LIVE REVIEW: Three Trapped Tigers 23/05/2011

25 05 2011

Night & Day Café, Manchester

Review by Ian Burke

What better way to continue City’s post-parade celebrations than with a good old gig at the good old Night & Day, eh? Well, as Advances In Mathematics are first up, there’s quite a few. As their name suggests, the local quartet dabble in twinkly, arpeggio-laden post-rock which inevitably careens into brief bursts of frantic instrument bashing before the pace treacles to a halt.

Practically motionless on stage, they lack the visual flair of genre heavyweights Mogwai, Explosions In The Sky or French mob, Microfilm, and struggle to keep interest piqued. The real problem, though, is the songs. They start with an idea and finish on the same one, rarely deviating from a seemingly pre-destined path which any novice musical cartographer could map with ease.

Exiled Cornish trio, Tall Ships, are a much more intriguing proposition. Frontman, Ric Phethean, holds his guitar directly beneath his Adam’s apple, its untrimmed strings wiggling in the air like anemones trawling for plankton. Current single, ‘Tectonic Plates’ opens proceedings, the clever loops whomping up the sound to such a level that you’d swear that a well camouflaged stooge is hidden somewhere in the wings if you hadn’t seen them assembled with your own eyes.

It prompts a mass migration to the front, and although technical gremlins haunt them early on, it doesn’t stop them visiting territory somewhere between Battles and Foals via fellow Brighton residents, The Xcerts.

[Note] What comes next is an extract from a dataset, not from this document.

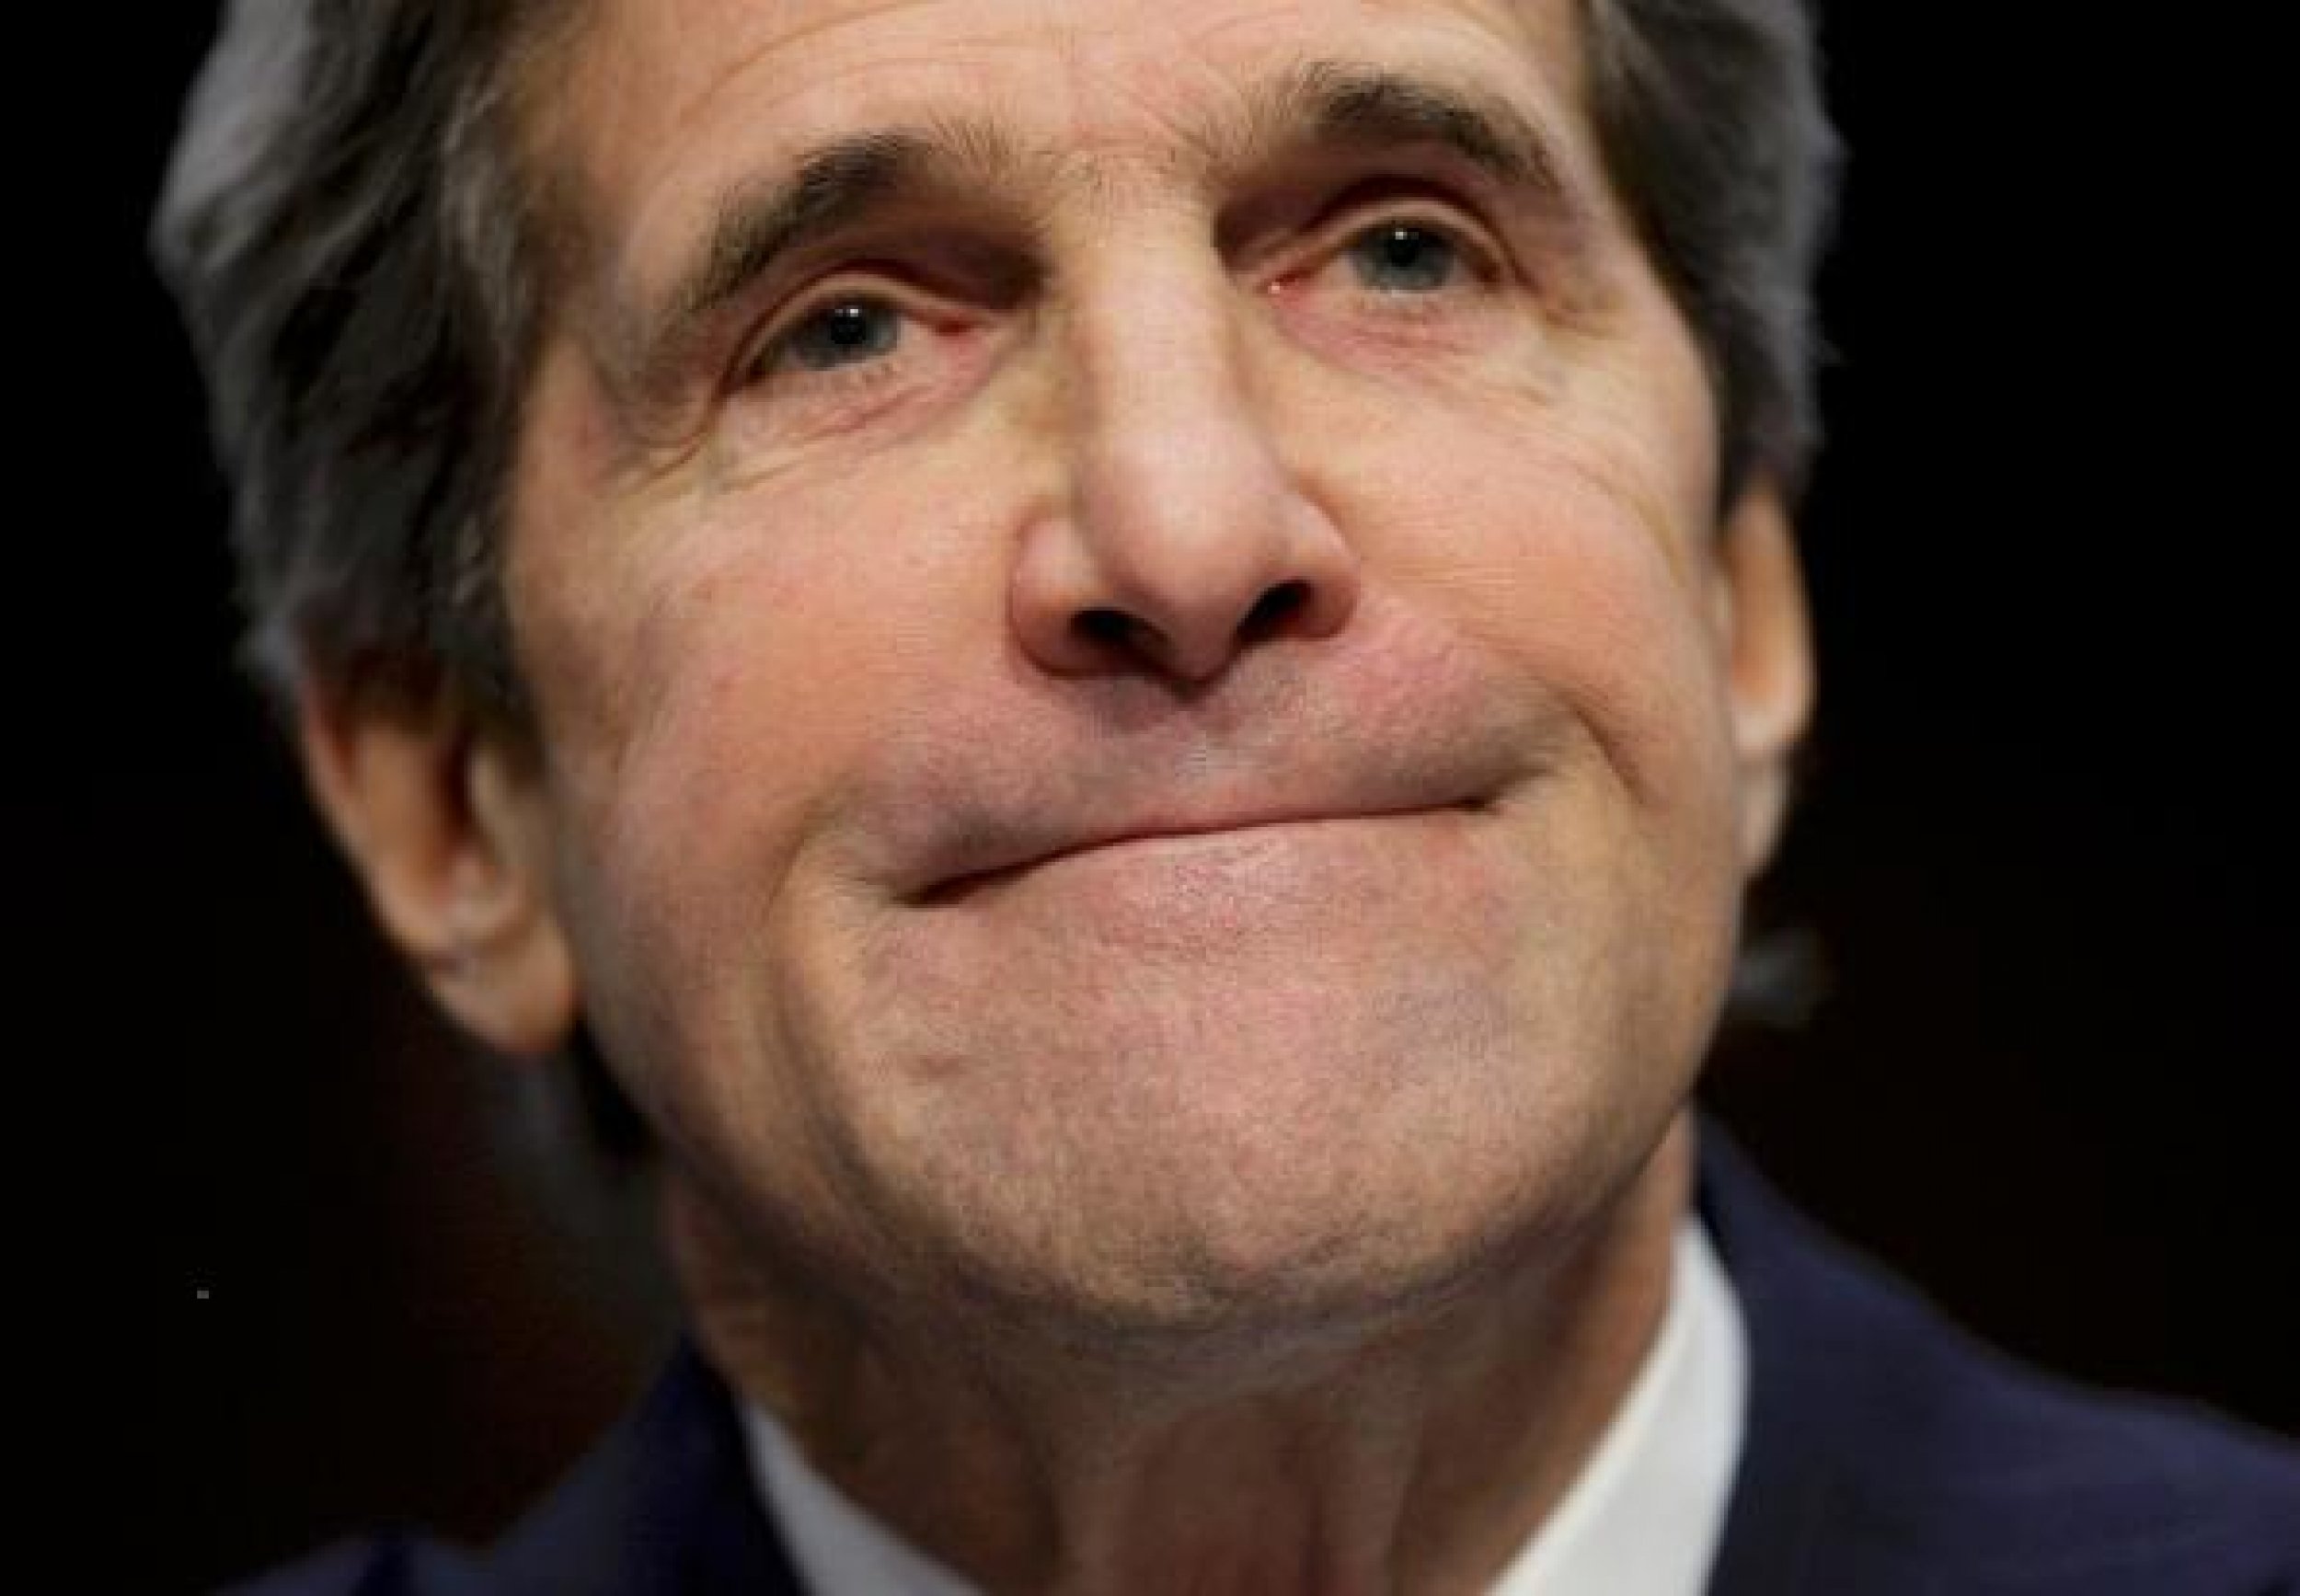 Kerry Begins Confirmation Process For Secretary Of State Post

They’re ingenious in places, and if they match the tunes to their undoubted imagination, they’ll be a force.

Three Trapped Tigers aren’t an easy listen, but they’re a fascinating watch. Their ‘Route One Or Die’ début album is a brazen maelstrom of hare-brained schemes which is difficult to digest in one sitting, and while the same can also be said of tonight’s set (which does slightly overstay its welcome), for the most part, the London outfit present a jaw-slackening lesson in convoluted yet very much to-the-point noise.

Matt Calvert and his trusty bank of guitar pedals pick out a mélange of unfathomable riffs, Tom Rogerson blurts out an unholy cacophony from his synths, while drummer, Adam Betts is the real star of the show, rising from his stool with each of his frequent warp-speed fills, and is covered in enough sweat by the end to fill an Olympic-sized swimming pool.

His erratic, popping candy beats power a beast which all-but proves evolution is alive and well in the twin spheres of rock and electronica, and unlike tonight’s openers, they’re heading bravely into uncharted territory. Here be dragons.